For the next several weeks, Craig and her fellow students worked in the morgue. Readers looking for local color will be disappointed: The forensic anthropologist found no time for sightseeing. Only once, when Craig was near the breaking point, does she leave the morgue, to collect herself in the Botanic Garden.

A local hero was involved, in that scenario, however. When the graduate students arrived in Fort Worth, they had no place to stay and no budget.

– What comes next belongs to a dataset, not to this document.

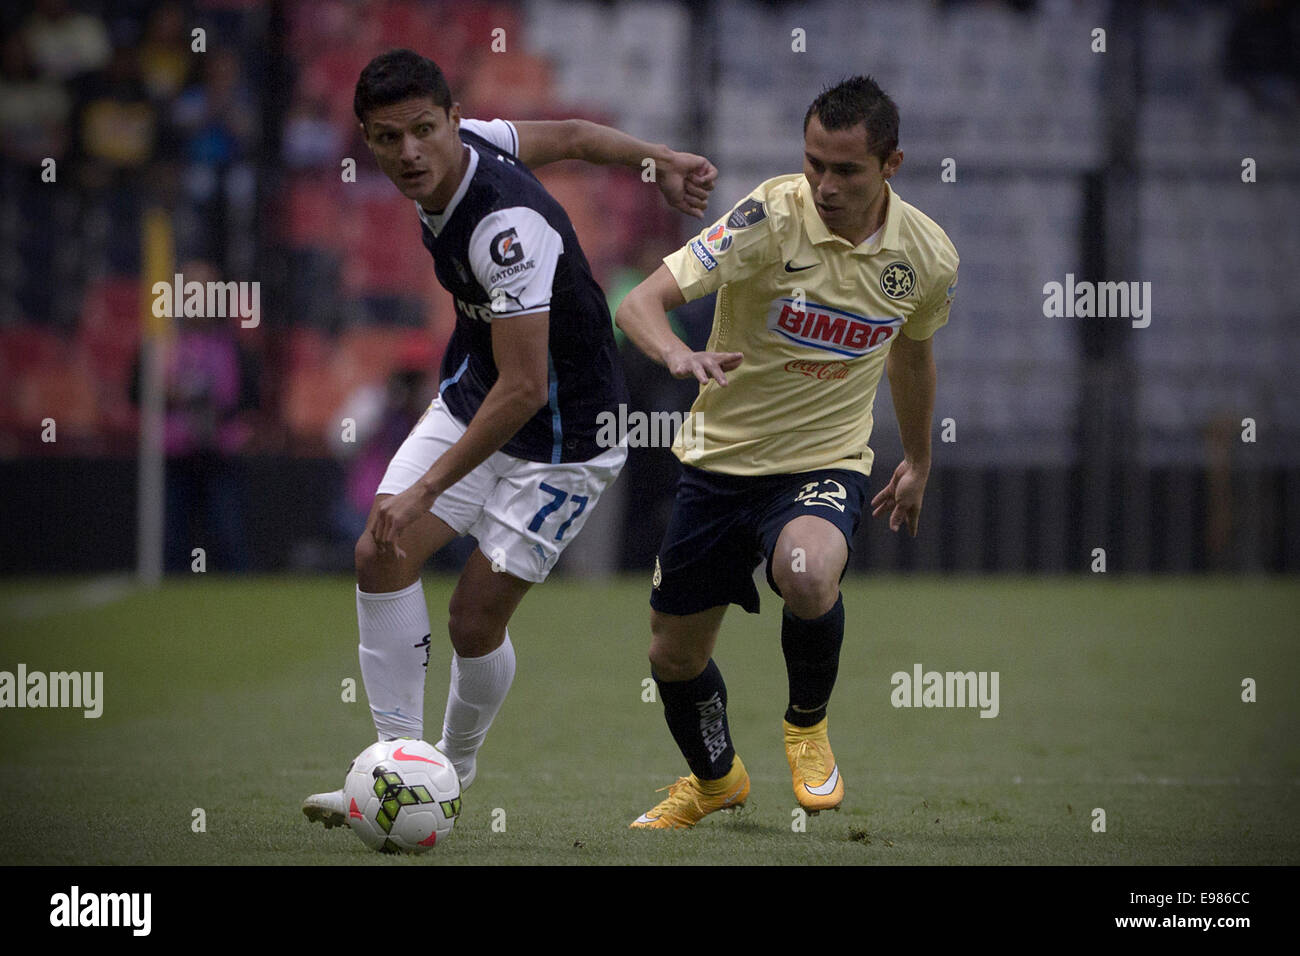 Mexico City, Mexico. 21st Oct, 2014. America's Paul Aguilar (R), vies for the ball with Guatemala's Comunicaciones Jairo Arreola (L) during a CONCACAF Champions League soccer match held at Estadio Azteca, in Mexico City, capital of Mexico, on Oct. 21, 2014. © Alejandro Ayala/Xinhua/Alamy Live News Stock Photo

They would either find a cheap motel room to share or would camp out. It wasn’t until after a full, harrowing day at the morgue that they turned to that practical matter. They were directed to Harold Elliott, chaplain for the Arlington Police Department. “He immediately invited all three of us to stay with him and his wife, Norma, in their home in Arlington, Texas, a crucial refuge from the insanity we faced each day,” she writes. It was Elliott who took Craig to the Botanic Garden when the horror overcame her.

Craig’s involvement in the identification of Koresh’s corpse, along with her performance under pressure, put her in the front ranks of forensic anthropology. She went on to work on the bombing of the Murrah Federal Building in Oklahoma City in 1995 and the attacks on the World Trade Center in 2001. For several months, she processed bodies at Ground Zero in Manhattan, during which time her own father died. Her stories of the aftermath of that national tragedy are exceptional. A dazzling read for mystery fans and students of humanity who aren’t put off by stink and grit.